Assignment:
Find "Kuvassa ovat Bence" and "tree service logo ideas 4" in the records below. Copy the lines holding them and every line between, exactly, and no others.

[[ Data excerpts, beginning ]]

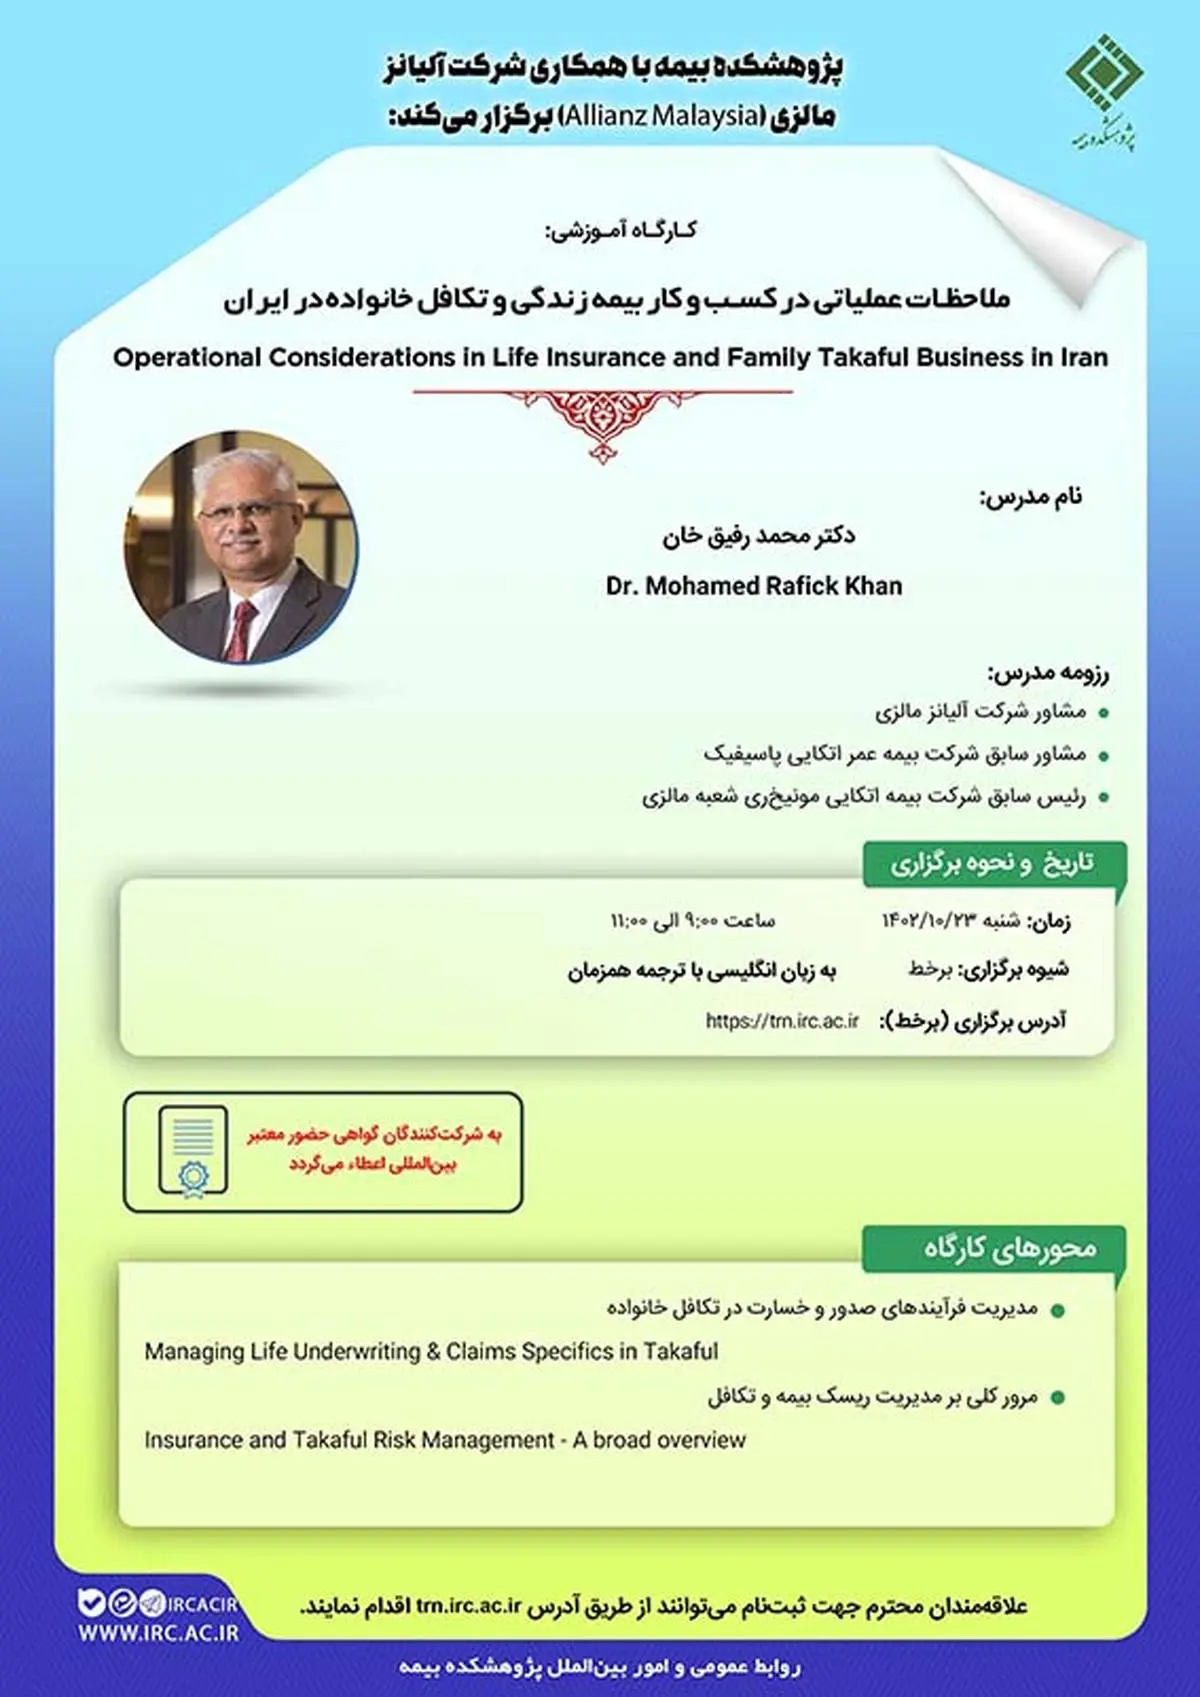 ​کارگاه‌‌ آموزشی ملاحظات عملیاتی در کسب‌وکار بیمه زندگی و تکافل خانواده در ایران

[[ Data excerpts, end ]]
[[ Data excerpts, beginning ]]

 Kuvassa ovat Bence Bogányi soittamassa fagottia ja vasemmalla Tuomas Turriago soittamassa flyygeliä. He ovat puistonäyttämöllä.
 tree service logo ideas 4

[[ Data excerpts, end ]]

Your response:
 Kuvassa ovat Bence Bogányi soittamassa fagottia ja vasemmalla Tuomas Turriago soittamassa flyygeliä. He ovat puistonäyttämöllä.
 tree service logo ideas 4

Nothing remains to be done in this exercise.